# RECORD EXTRACTS
★ ★ ★ ★

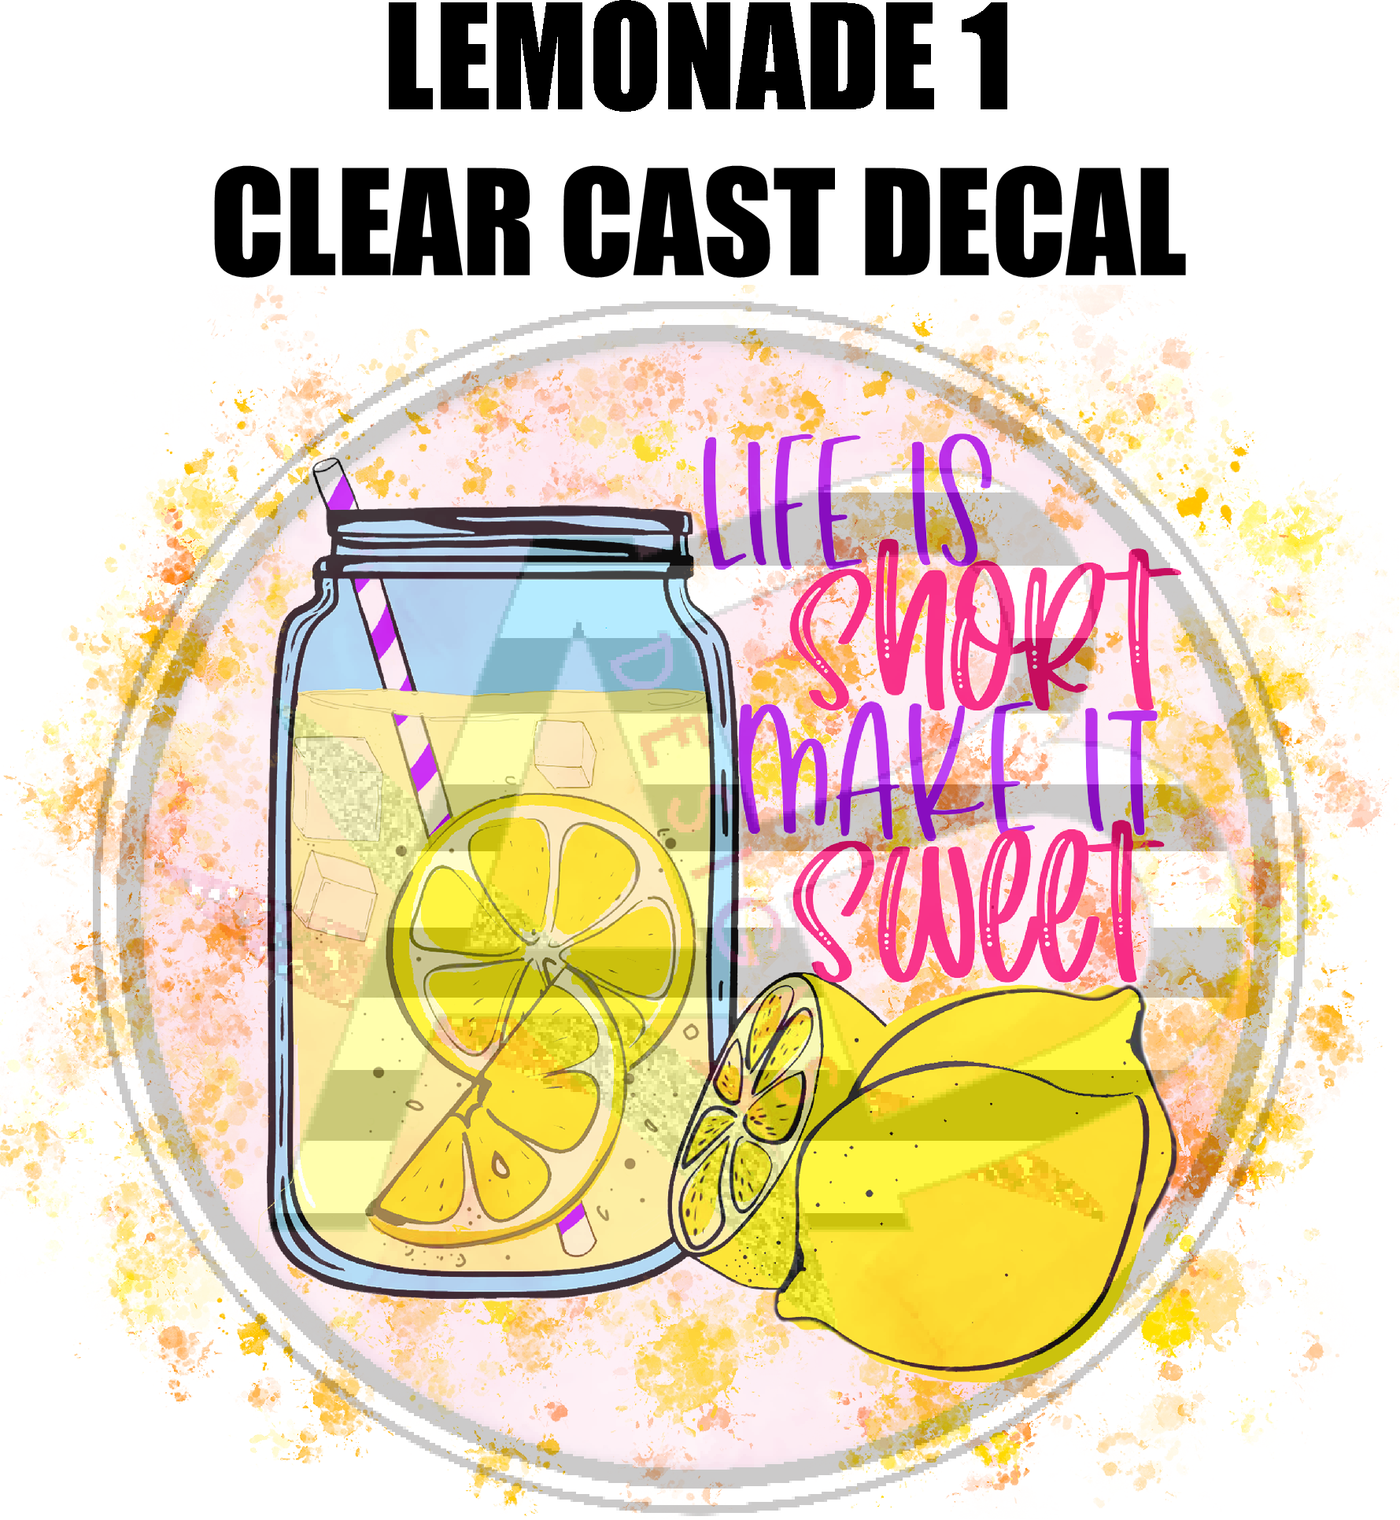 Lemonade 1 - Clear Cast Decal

★ ★ ★ ★

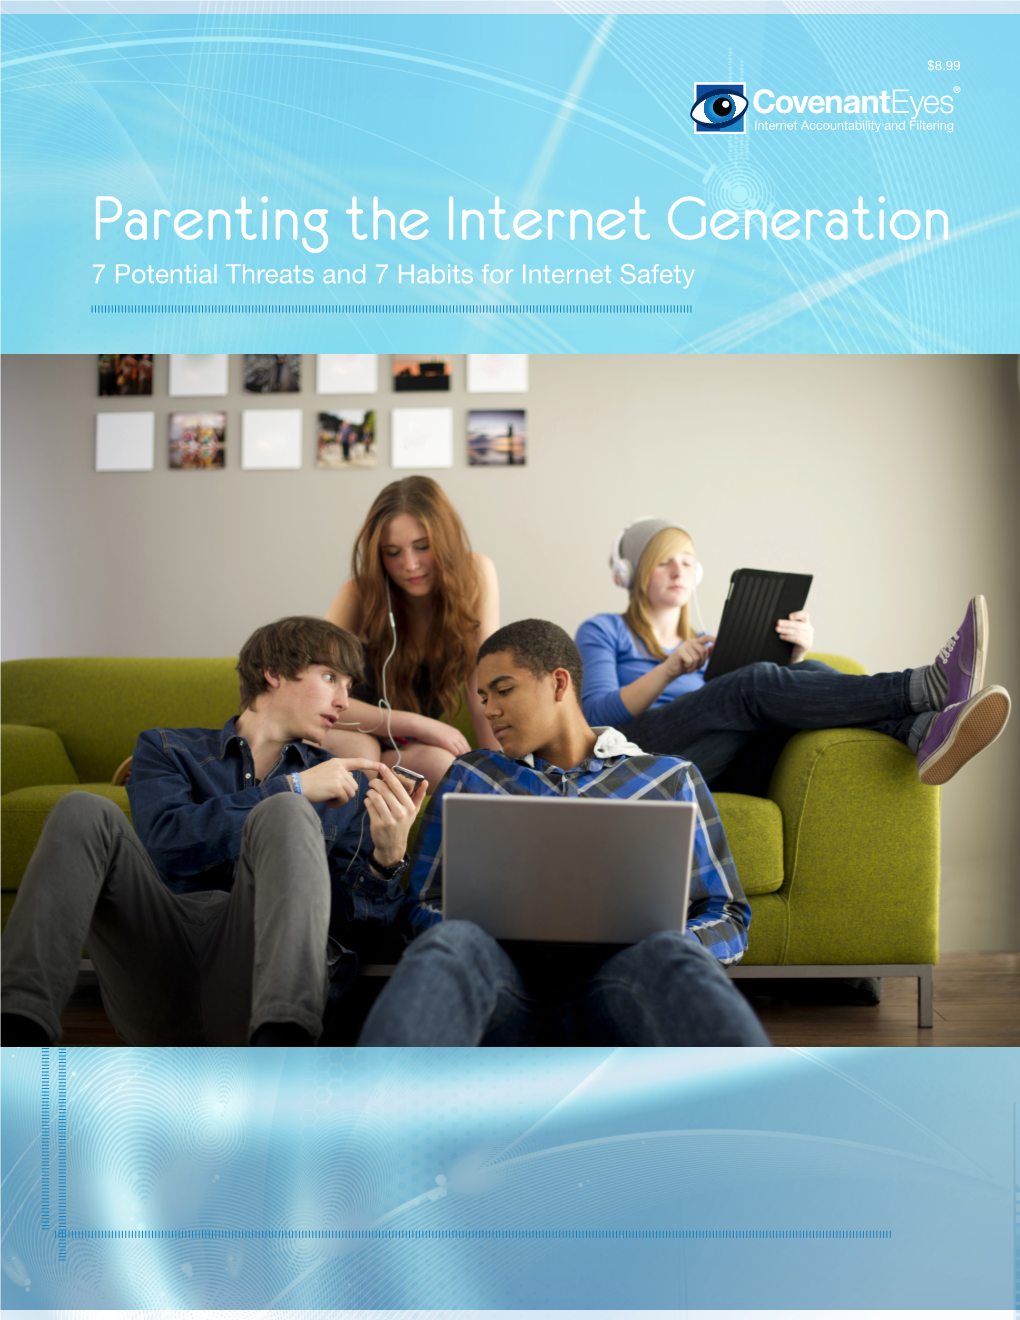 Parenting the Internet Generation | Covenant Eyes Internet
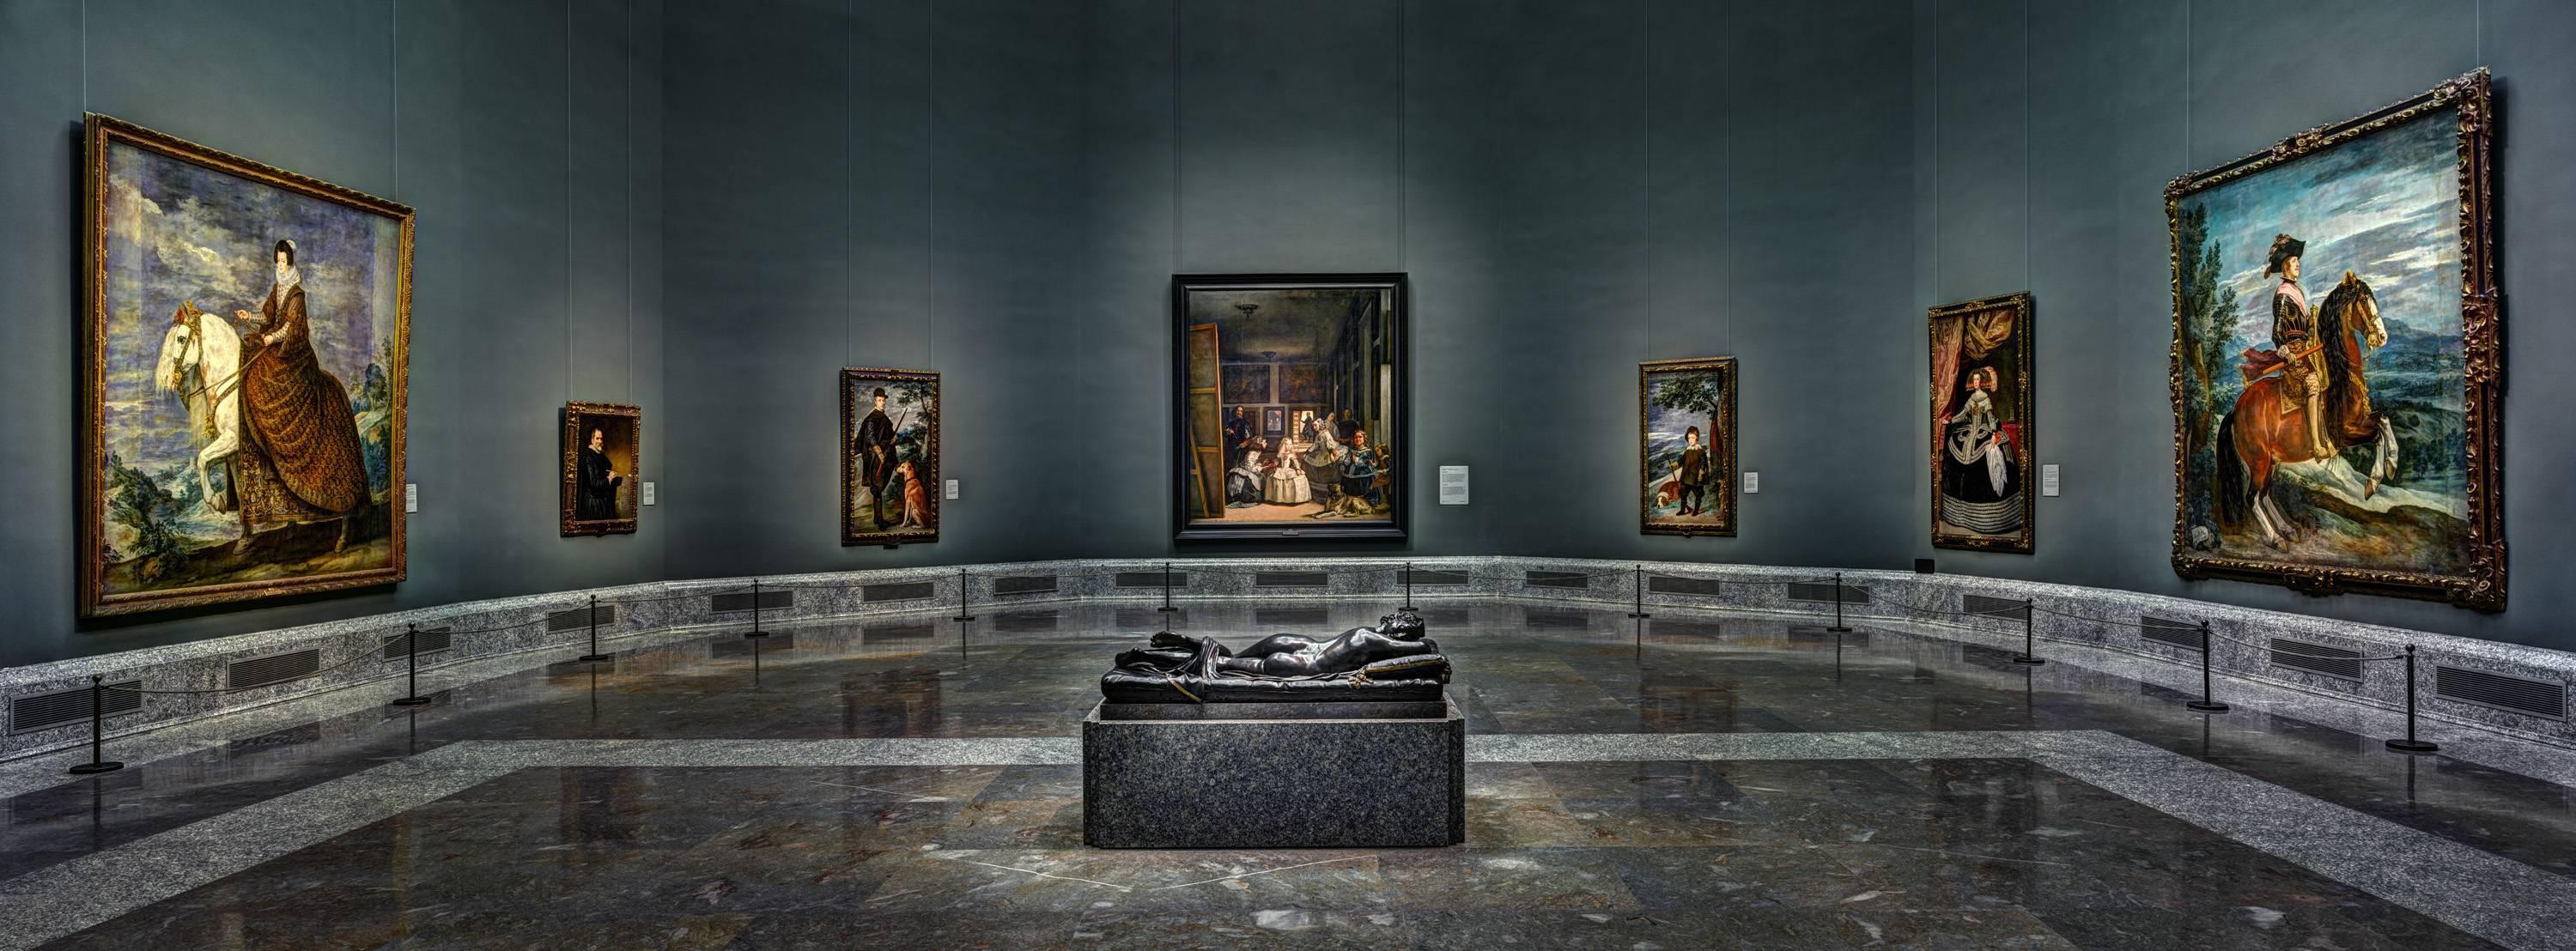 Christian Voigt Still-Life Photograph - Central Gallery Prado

★ ★ ★ ★

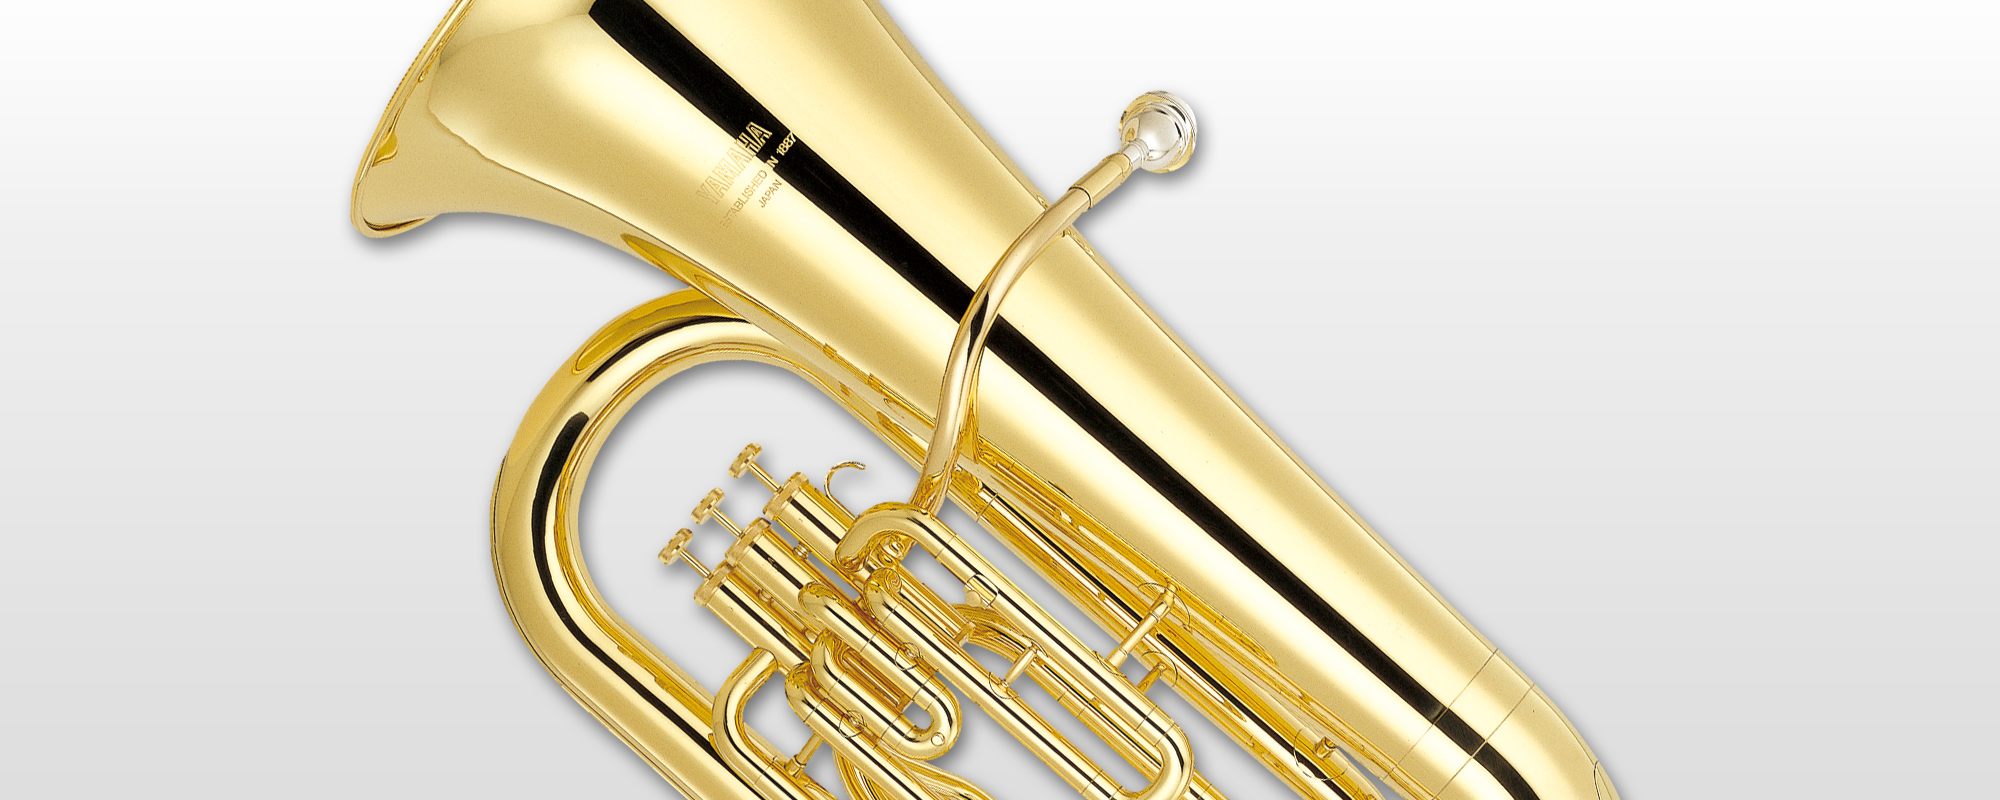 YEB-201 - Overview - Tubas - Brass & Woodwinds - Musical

★ ★ ★ ★

Exactly the lines starting at the one above with "Parenting the Internet" and ending at the one with "Christian Voigt Still-Life" should be printed, and nothing else. Omit the pictures.

 Parenting the Internet Generation | Covenant Eyes Internet
 Christian Voigt Still-Life Photograph - Central Gallery Prado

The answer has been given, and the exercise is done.